His father bristled behind the wheel.
“So farming, feeding people, that’s not useful?”
Clark groaned and looked out the window. Not this old argument again…
“I didn’t say that,” he muttered. But it was too late. His dad launched into an all-too-familiar lecture.
“Our family’s been farming for five generations, Clark.”
“Your family, not mine,” Clark said sullenly. “I don’t even know why I’m listening to you. You’re not my dad. You’re just some guy who found me in a field.”
“Clark!” his mom protested.
“No, he’s right,” Jonathan said stiffly. He looked away from the road long enough to give Clark a stern look. “We’re not your parents. You don’t have to listen to us. We’re doing the best we can. And we’re making this up as we go along. So maybe our best isn’t good enough anymore.”
Clark already regretted his harsh words. The last thing he wanted was to hurt his parents’ feelings, no matter how confused—and frustrated—he felt sometimes. He knew his folks were just trying to protect him.
“Look, I’m sorry. I just—”
“Hold on!” Jonathan said sharply as he hit the brakes. Traffic had slowed to stop all along the highway. Dozens of cars and truck were backed up across multiple lanes. Hail fell from the sky, bouncing off pavement and windshields.
Uh-oh, Clark thought. This doesn’t look good.
His parents shared a worried look. Tornado season had just begun, and they were smack dab in the middle of “Tornado Alley.” Anybody who grew up in Kansas knew what a sudden change in the weather could mean. A storm, and a twister, could arrive from out of the blue.

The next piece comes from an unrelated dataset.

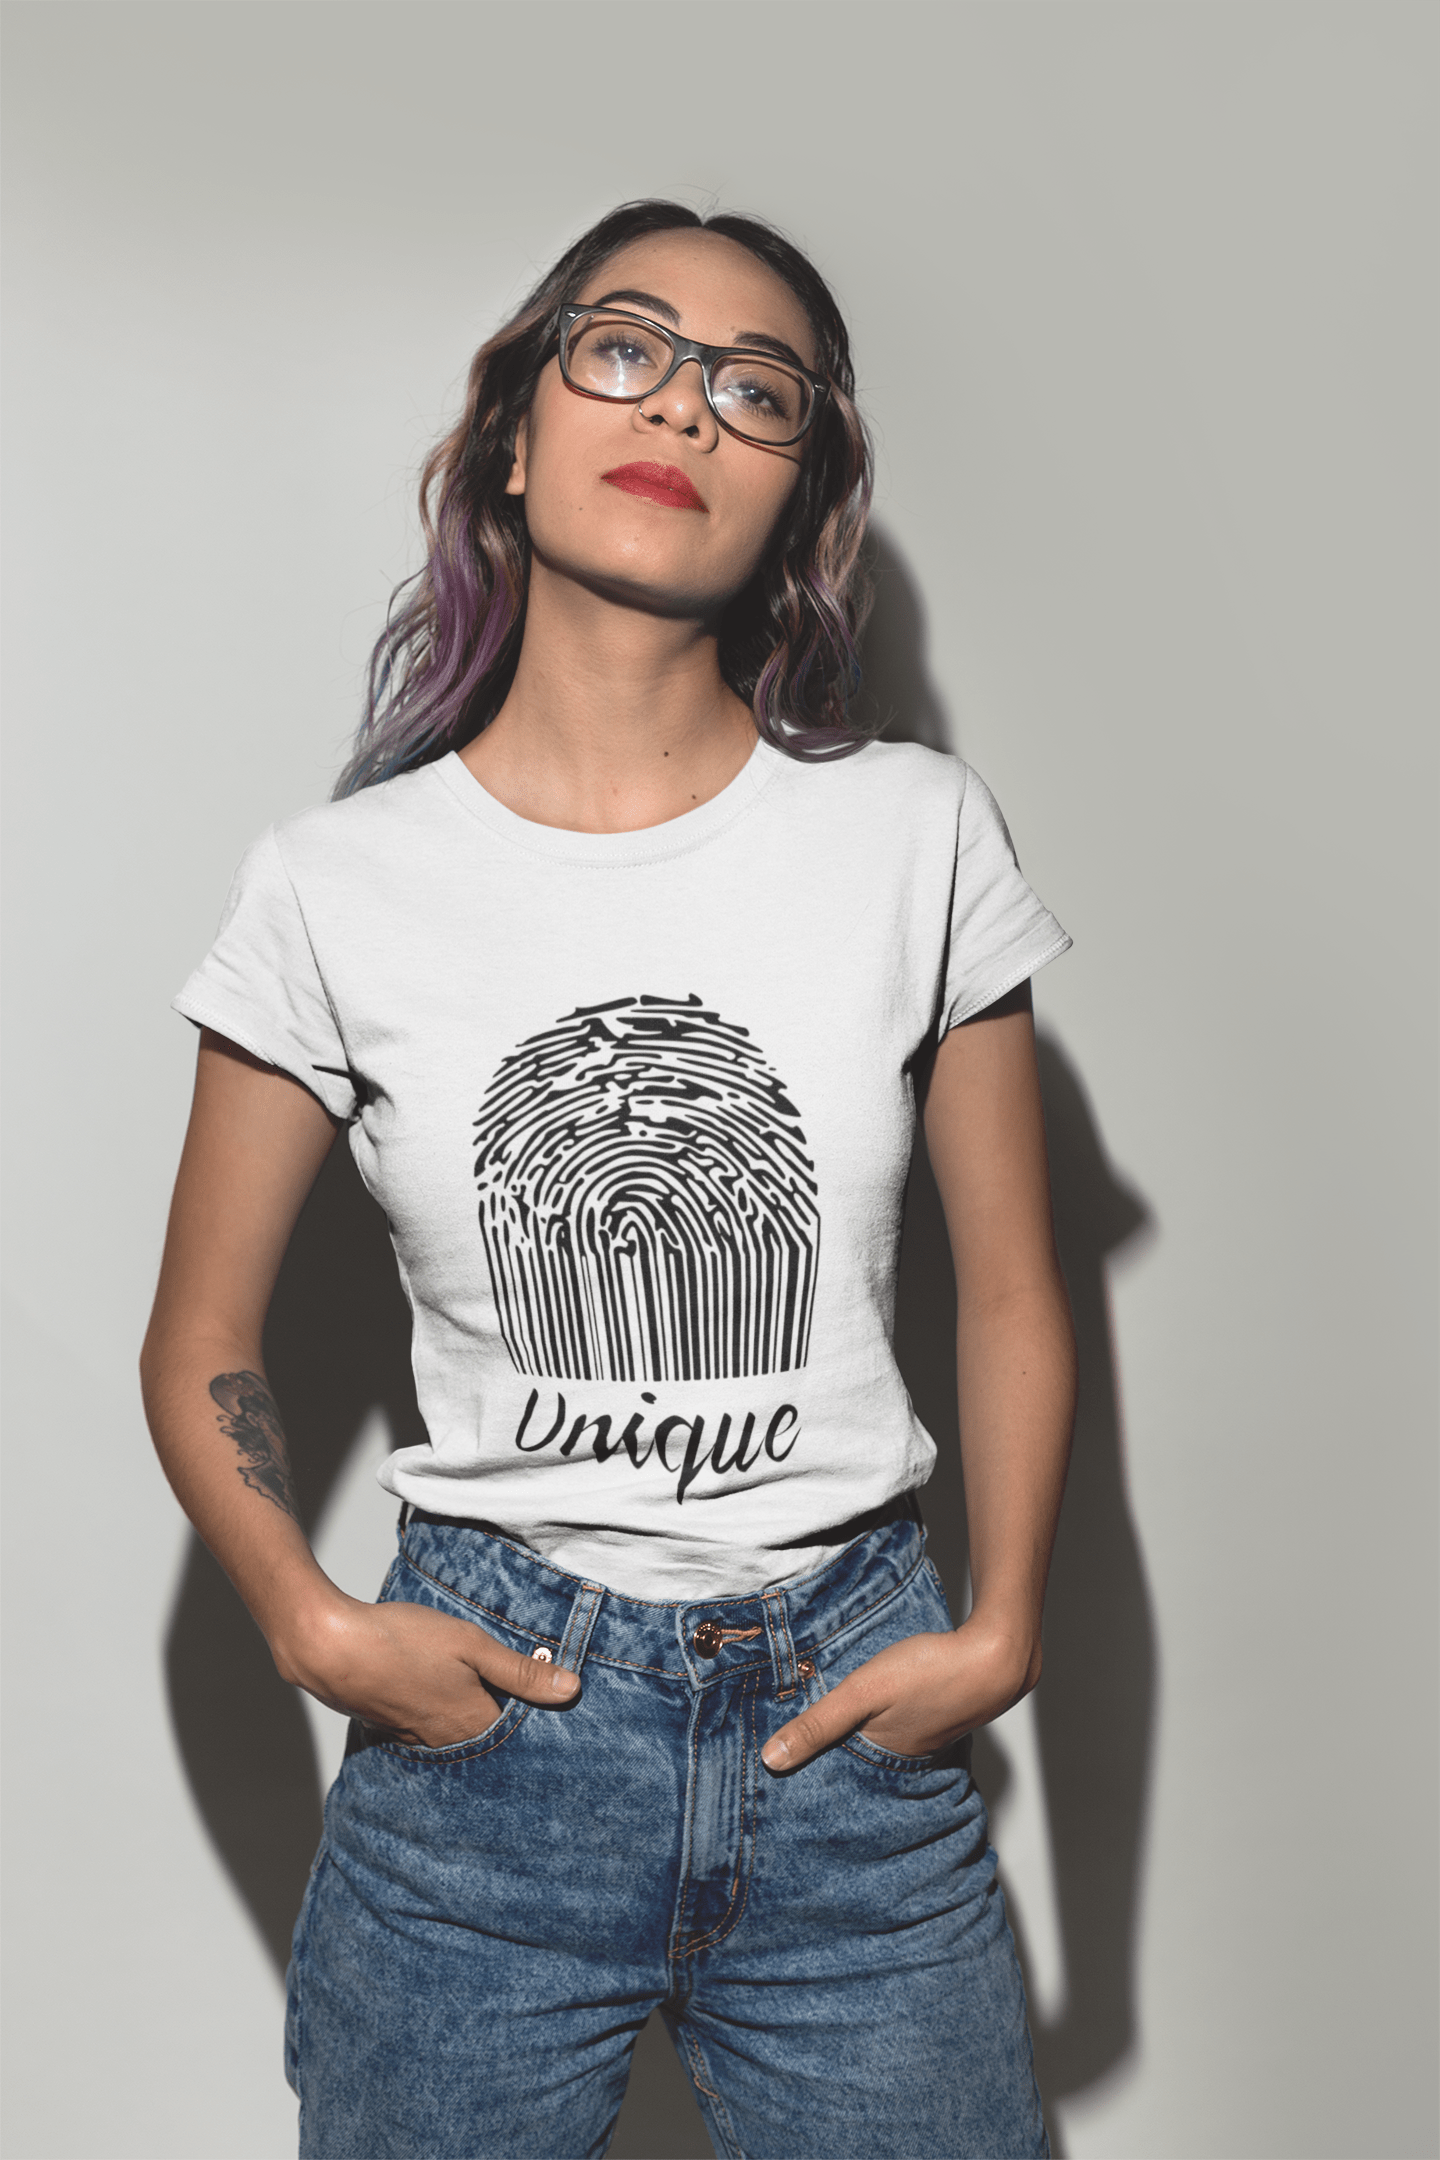 Unique Fingerprint, White, Women's Short Sleeve Round Neck T-shirt, gift t-shirt 00304

A car was no place to be during a tornado. Worst came to worst, you were better off in a ditch than an exposed vehicle. Clark and his folks scrambled out of the SUV, joining hundreds of other travelers on the highway, which was now nothing but an endless parking lot.
The air was muggy and still, full of warm, moist air. Everyone was staring to the southwest, where ominous black storm clouds were racing toward them. The low-hanging clouds flattened along the tops, so that they resembled a blacksmith’s anvil. A wall of gray hung beneath the billowing, black thunderheads.
Then a funnel cloud dropped toward the vulnerable terrain below, snaking above the ground in a classic “stovepipe” shape. Tornado sirens sounded, warning everyone in the vicinity to seek cover.